Circumference $=2\pi r=2\times\dfrac{22}{7}\times28=176$ cm. Since 1 km $=100000$ cm, the number of turns is $\dfrac{100000}{176}=\dfrac{6250}{11}\approx568.2$.

Let the side lengths of one rectangle be a and b, and the other be c and d. Same perimeter gives $a+b=c+d$, and same area gives $ab=cd$. The side lengths are therefore two numbers with the same sum and product. Such two numbers are the roots of the same quadratic equation, so the pair $\{a,b\}$ equals the pair $\{c,d\}$. Thus the rectangles are congruent.

In a kite, one diagonal is the perpendicular bisector of the other. Algebraically, if one diagonal is split into parts x and y and the other diagonal has length d, the kite is two triangles with areas $\dfrac12dx$ and $\dfrac12dy$. Total area $=\dfrac12d(x+y)=\dfrac12d_1d_2$. Geometrically, the kite can be seen as two triangles sharing the same base diagonal; adding their areas gives half the product of the diagonals.

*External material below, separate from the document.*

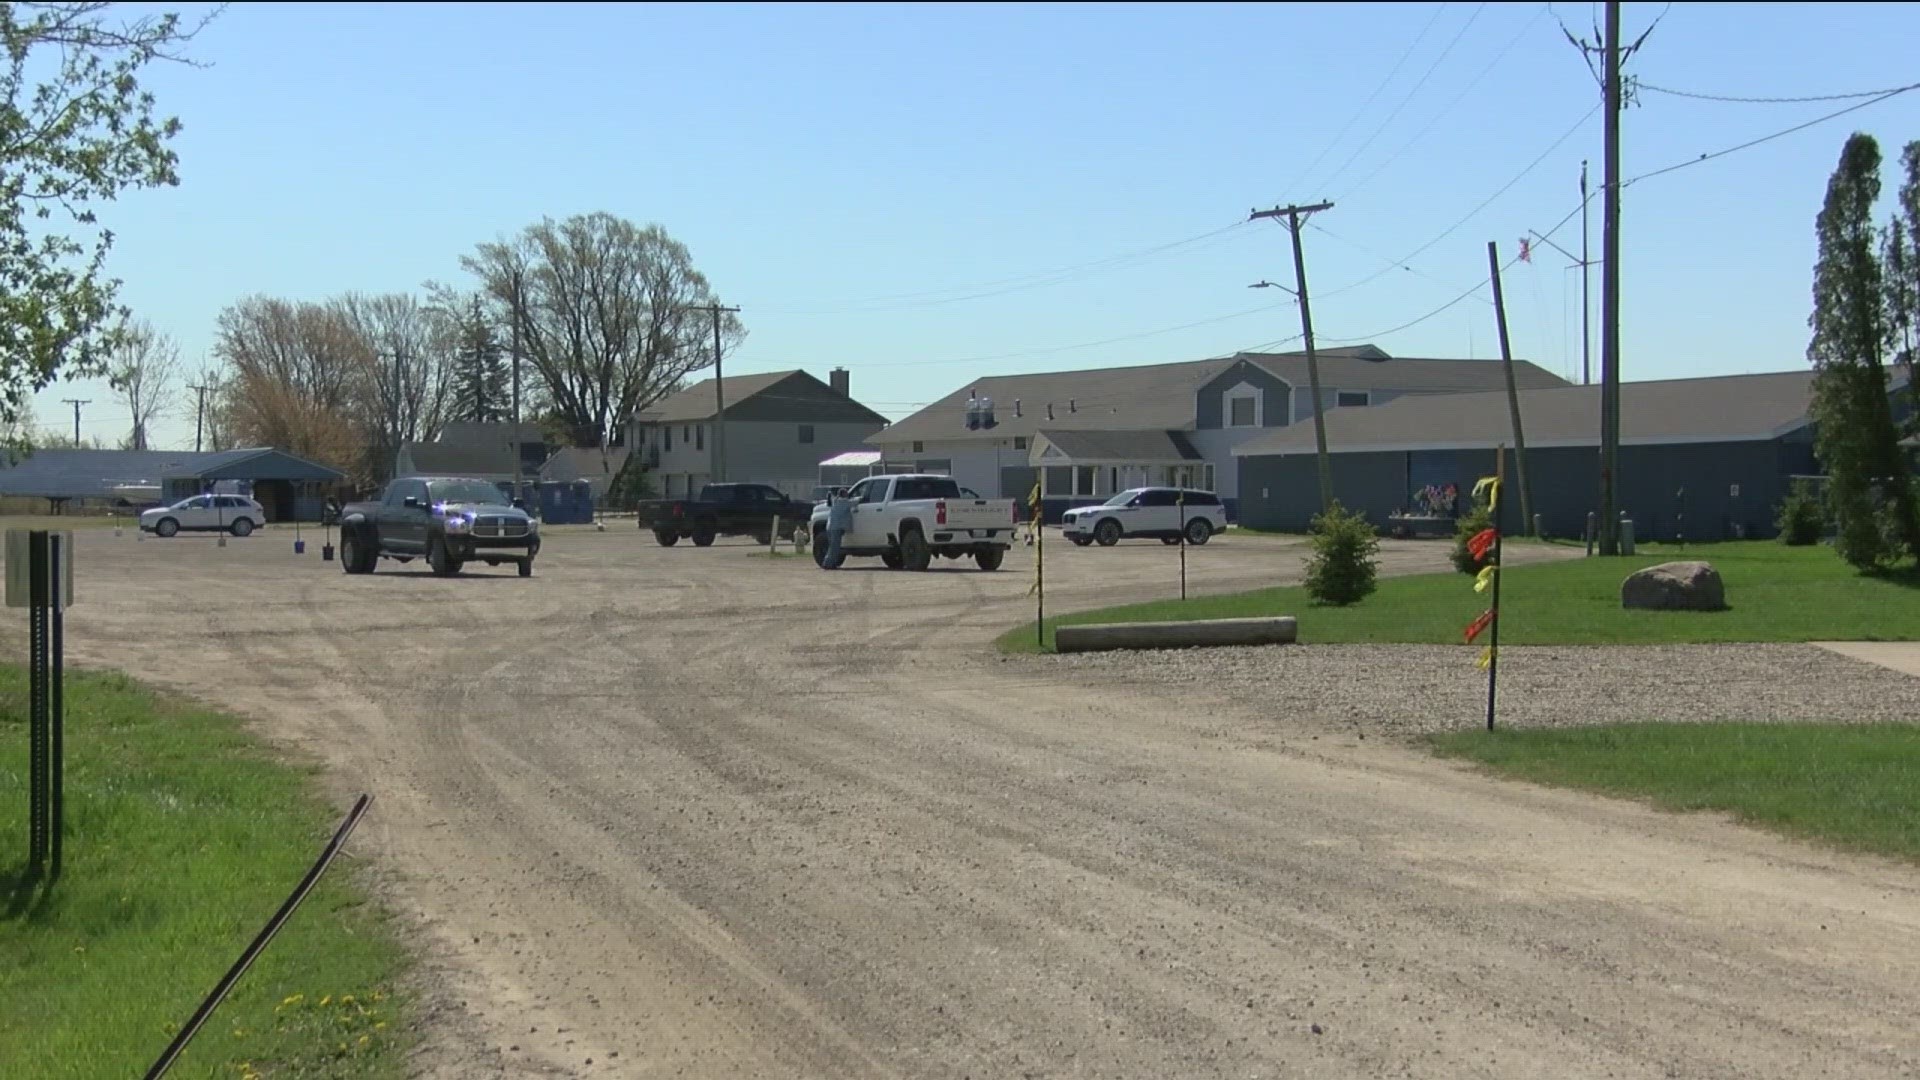 On Monday, we learned the conditions of those involved, including the identity of the two killed. WTOL 11 also confirmed the name of the suspect involved.

When all lengths in a shape are multiplied by k, its area is multiplied by $k^2$. For the rectangle and the triangle with doubled side lengths, $k=2$, so area becomes 4 times. For the triangle with tripled side lengths, $k=3$, so area becomes 9 times. Standard subdivision of the sides into equal parts gives the corresponding tilings.